Re: [PATCHES] Full page writes improvement, code update

From: "Simon Riggs" <simon(at)2ndquadrant(dot)com>
To: "Koichi Suzuki" <suzuki(dot)koichi(at)oss(dot)ntt(dot)co(dot)jp>
Cc: <pgsql-hackers(at)postgresql(dot)org>, <pgsql-patches(at)postgresql(dot)org>
Subject: Re: [PATCHES] Full page writes improvement, code update
Date: 2007-03-28 09:07:27
Message-ID: 1175072848.4386.323.camel@silverbirch.site
Views: Raw Message | Whole Thread | Download mbox | Resend email
Thread:
Lists: pgsql-hackers pgsql-patches

On Wed, 2007-03-28 at 10:54 +0900, Koichi Suzuki wrote:

> As written below, full page write can be
> categolized as follows:
>
> 1) Needed for crash recovery: first page update after each checkpoint.
> This has to be kept in WAL.
>
> 2) Needed for archive recovery: page update between pg_start_backup and
> pg_stop_backup. This has to be kept in archive log.
>
> 3) For log-shipping slave such as pg_standby: no full page writes will
> be needed for this purpose.
>
> My proposal deals with 2). So, if we mark each "full_page_write", I'd
> rather mark when this is needed. Still need only one bit because the
> case 3) does not need any mark.

I'm very happy with this proposal, though I do still have some points in
detailed areas.

If you accept that 1 & 2 are valid goals, then 1 & 3 or 1, 2 & 3 are
also valid goals, ISTM. i.e. you might choose to use full_page_writes on
the primary and yet would like to see optimised data transfer to the
standby server. In that case, you would need the mark.

> > - Not sure why we need "full_page_compress", why not just mark them
> > always? That harms noone. (Did someone else ask for that? If so, keep
> > it)
>
> No, no one asked to have a separate option. There'll be no bad
> influence to do so. So, if we mark each "full_page_write", I'd
> rather mark when this is needed. Still need only one bit because the
> case 3) does not need any mark.

OK, different question:
Why would anyone ever set full_page_compress = off?
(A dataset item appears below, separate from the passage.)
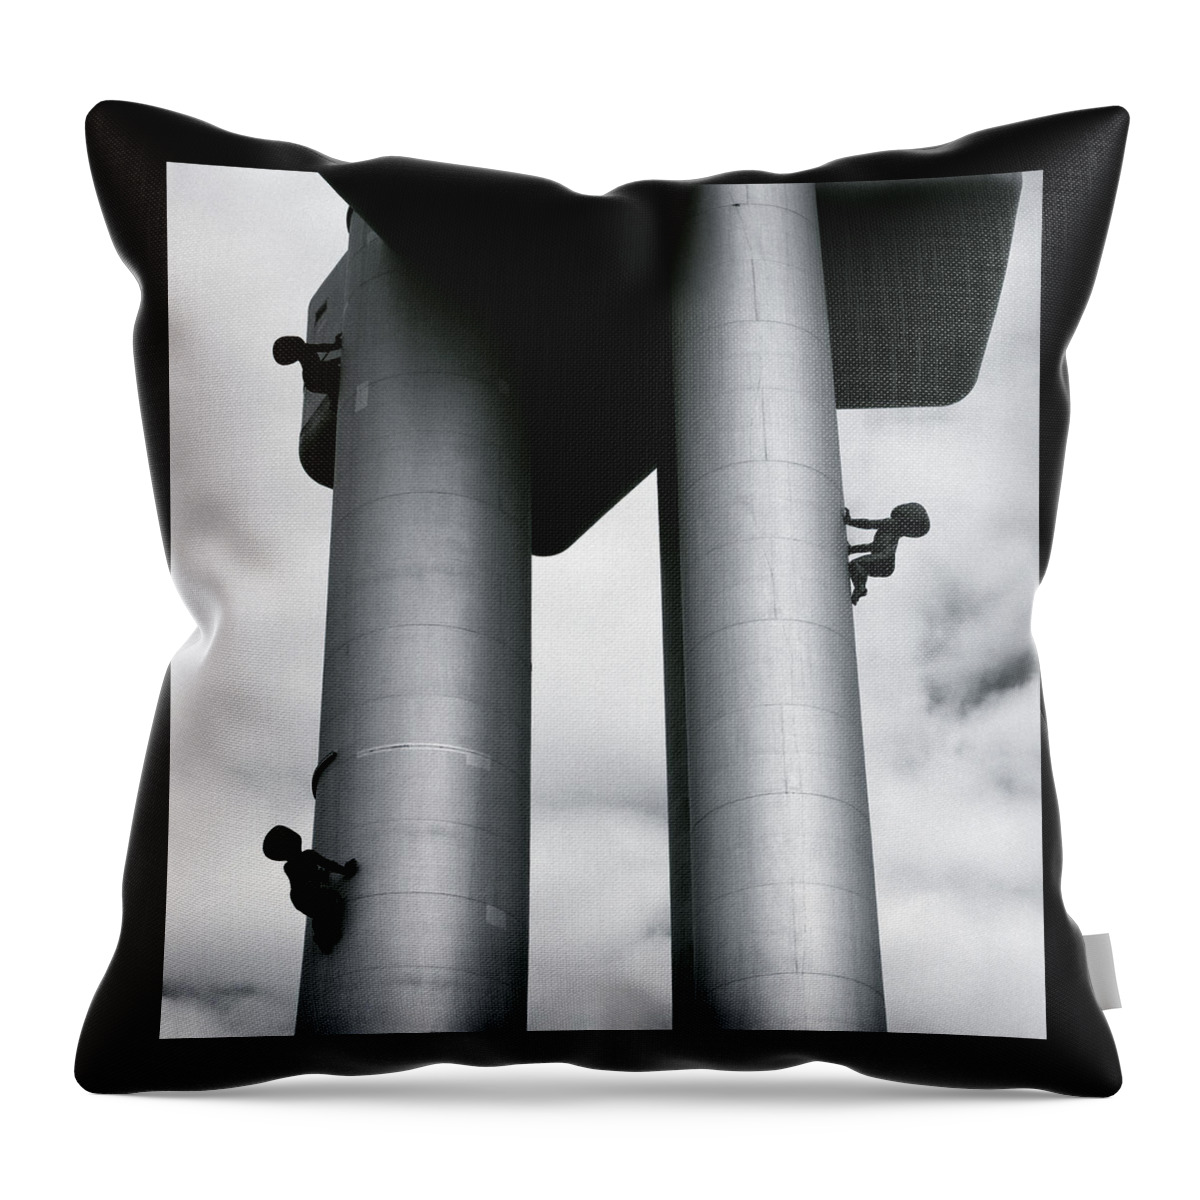 Art Throw Pillow featuring the photograph Surrealist Art by Shaun Higson

Why have a parameter that does so little? ISTM this is:

i) one more thing to get wrong

ii) cheaper to mark the block when appropriate than to perform the if()
test each time. That can be done only in the path where backup blocks
are present.

iii) If we mark the blocks every time, it allows us to do an offline WAL
compression. If the blocks aren't marked that option is lost. The bit is
useful information, so we should have it in all cases.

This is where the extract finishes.